20 May 2010 | Marco Barreno · Blaine Nelson · Anthony D. Joseph · J.D. Tygar
This paper presents a taxonomy of attacks against machine learning systems and discusses how these attacks influence the costs for both attackers and defenders. The authors analyze the security of machine learning systems in adversarial environments, where attackers can exploit the adaptive nature of these systems to cause errors in classification. They propose a framework for evaluating secure learning, which includes identifying different classes of attacks, analyzing the resilience of existing systems, and investigating potential defenses.
The paper categorizes attacks into three dimensions: influence (causative vs. exploratory), security violation (integrity vs. availability), and specificity (targeted vs. indiscriminate). These dimensions define eight distinct classes of attacks on machine learning systems. The authors illustrate their taxonomy by analyzing attacks against the SpamBayes spam filter and discuss how their framework can be used to develop more robust secure learning systems.
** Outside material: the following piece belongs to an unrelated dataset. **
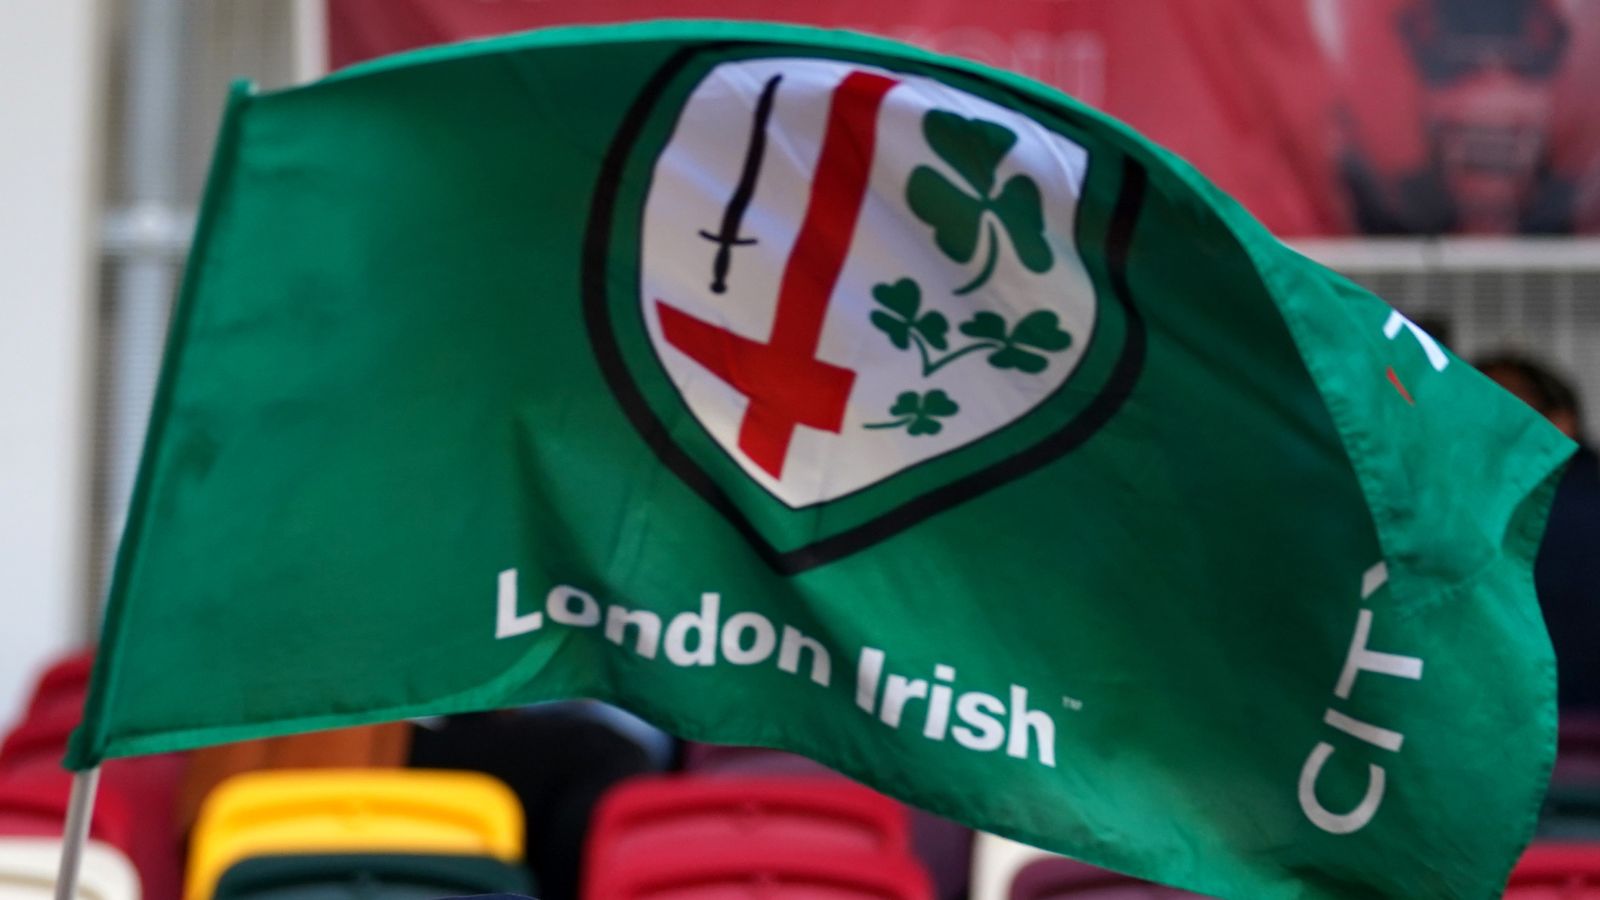 London Irish: German investor edging closer to takeover as conversations with fans scheduled | Rugby Union News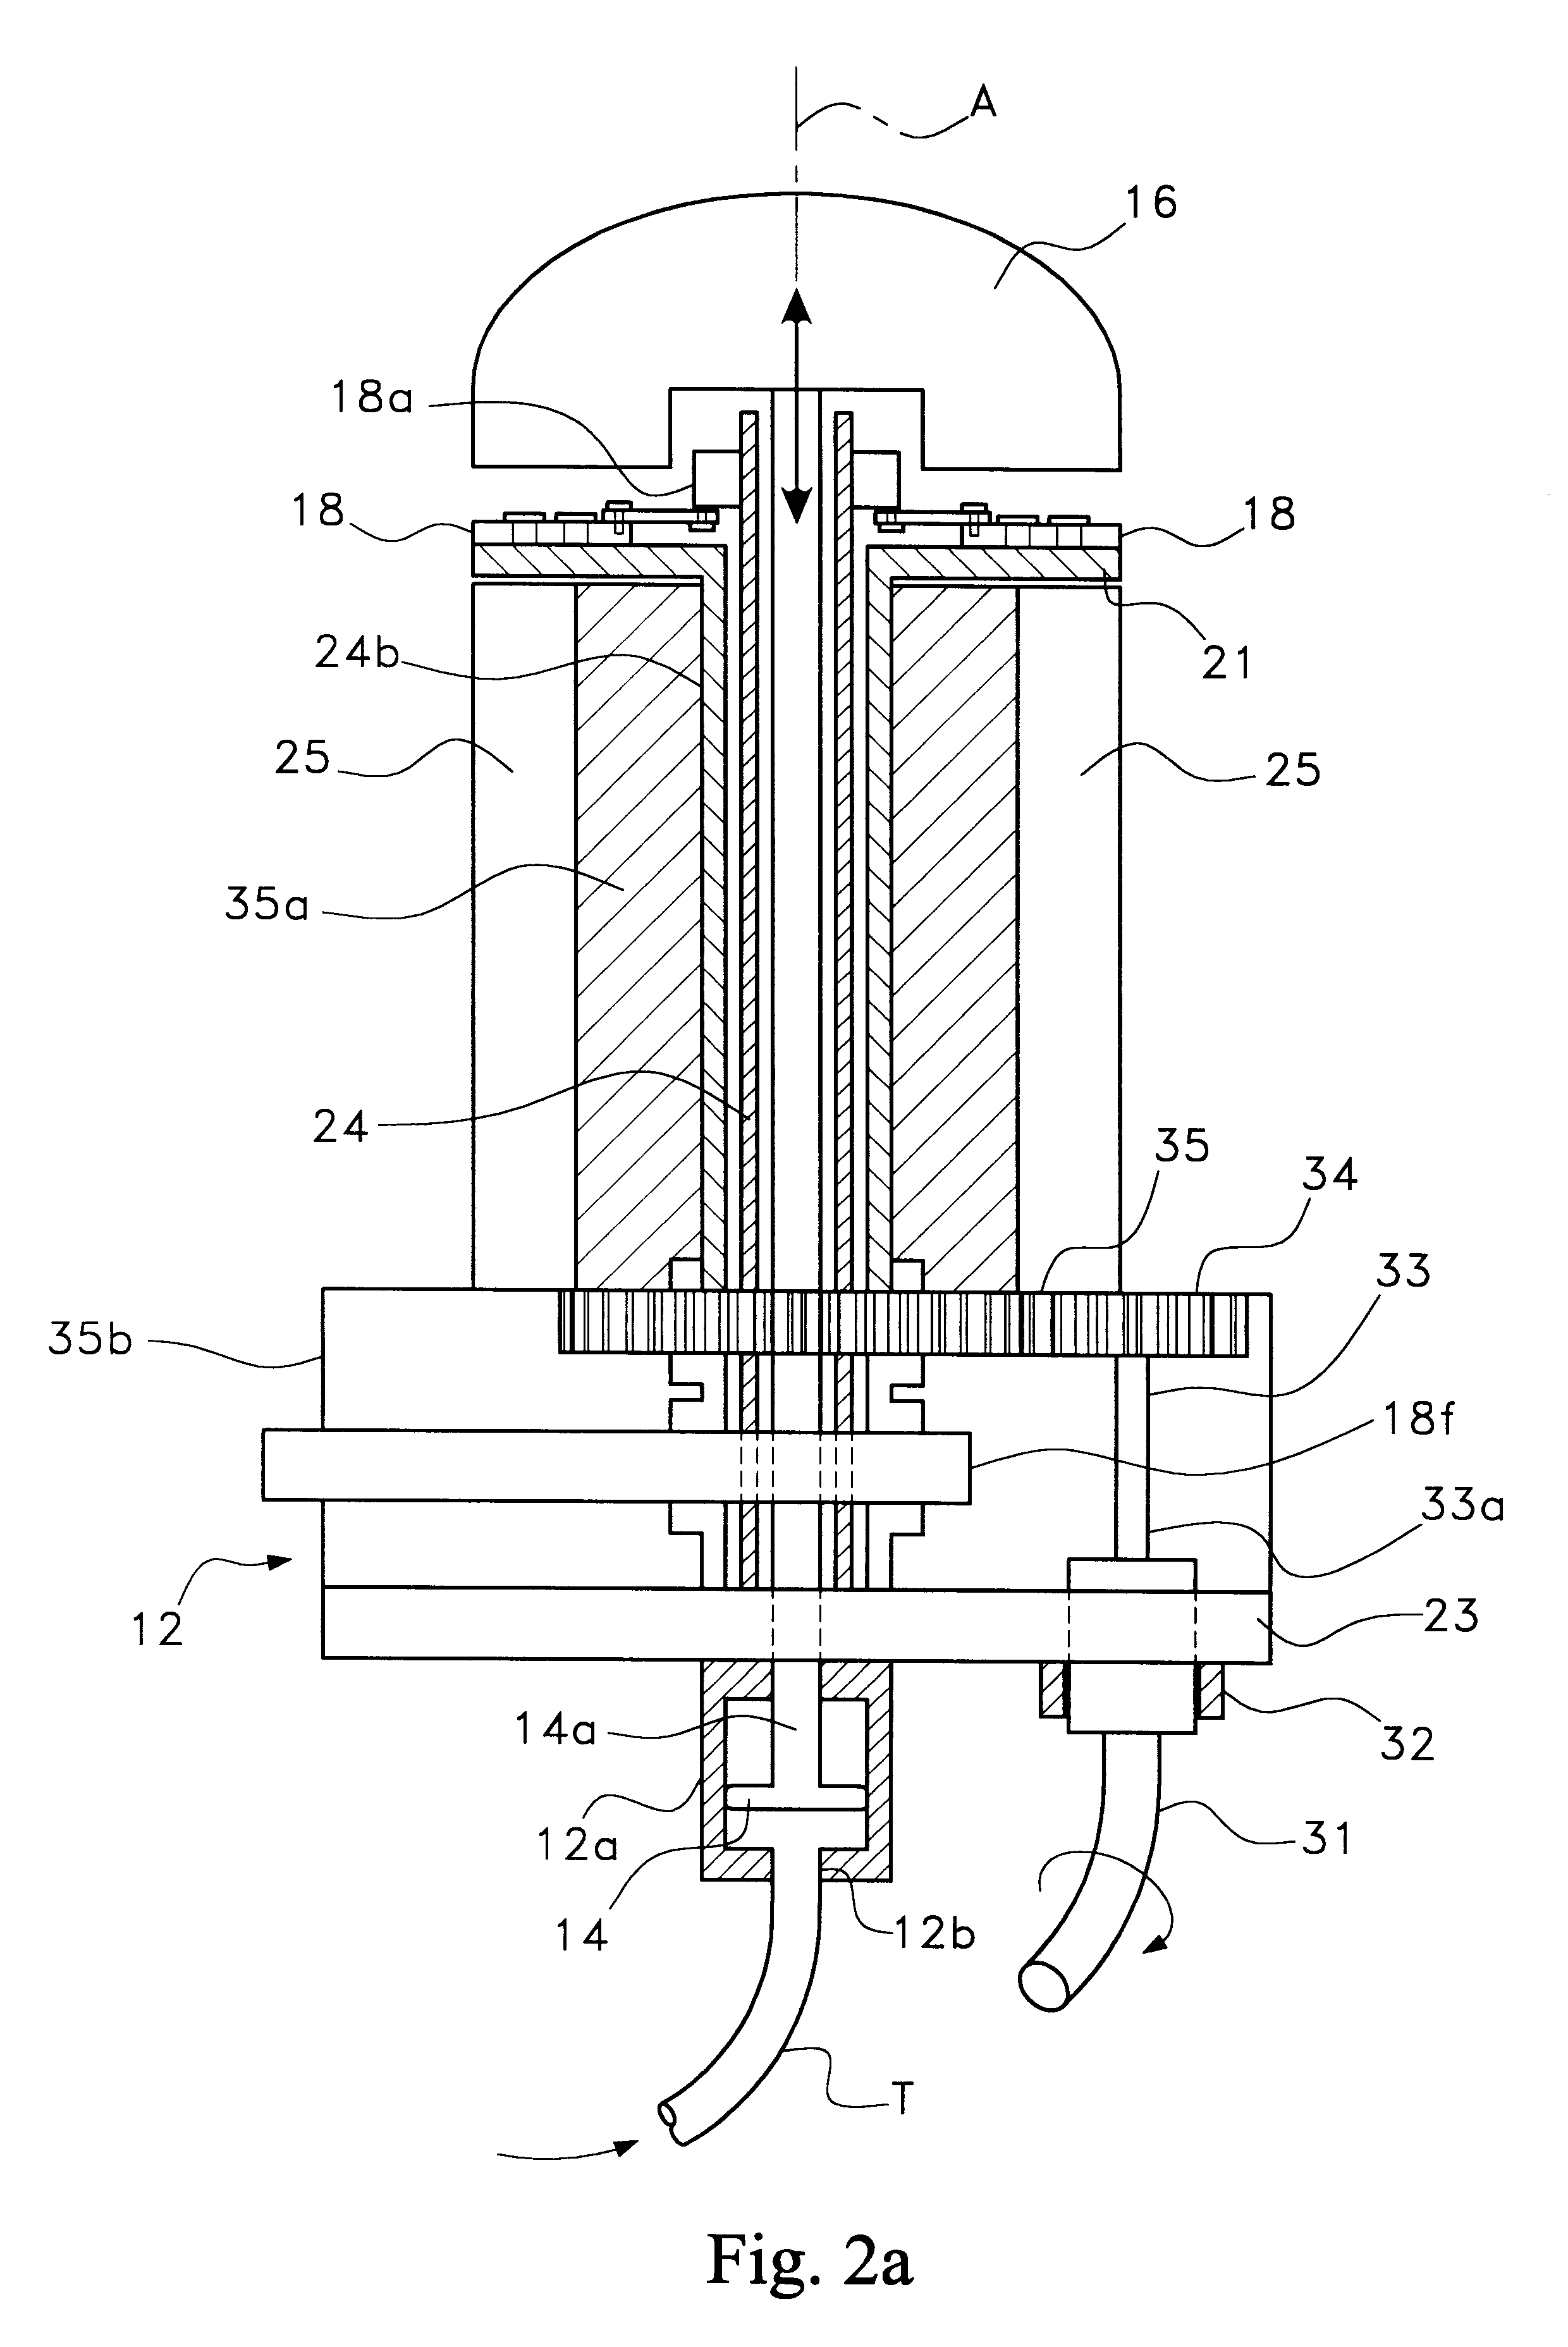 Method and apparatus for shaping a site for anchoring an implant and to provide bone augementation and shape conformity

The paper also discusses practical considerations for attacks, such as the need for valid executables, spoofing normal behavior, and the challenges of generating attack traffic that appears statistically identical to benign traffic. The authors propose various defense strategies, including feature selection, obfuscation of spam-indicating words, and cost-sensitive classification. They also discuss the importance of ensuring that learners use features related to the intrusion itself and the need to balance hypothesis complexity with the capacity to generalize.
The paper concludes that the proposed framework provides a common language for thinking and writing about secure learning and offers a foundation for developing highly robust secure learning systems. It emphasizes the importance of understanding the interaction between attackers and defenders in adversarial environments and the need for continuous evaluation and improvement of machine learning systems in such settings.This paper presents a taxonomy of attacks against machine learning systems and discusses how these attacks influence the costs for both attackers and defenders. The authors analyze the security of machine learning systems in adversarial environments, where attackers can exploit the adaptive nature of these systems to cause errors in classification. They propose a framework for evaluating secure learning, which includes identifying different classes of attacks, analyzing the resilience of existing systems, and investigating potential defenses.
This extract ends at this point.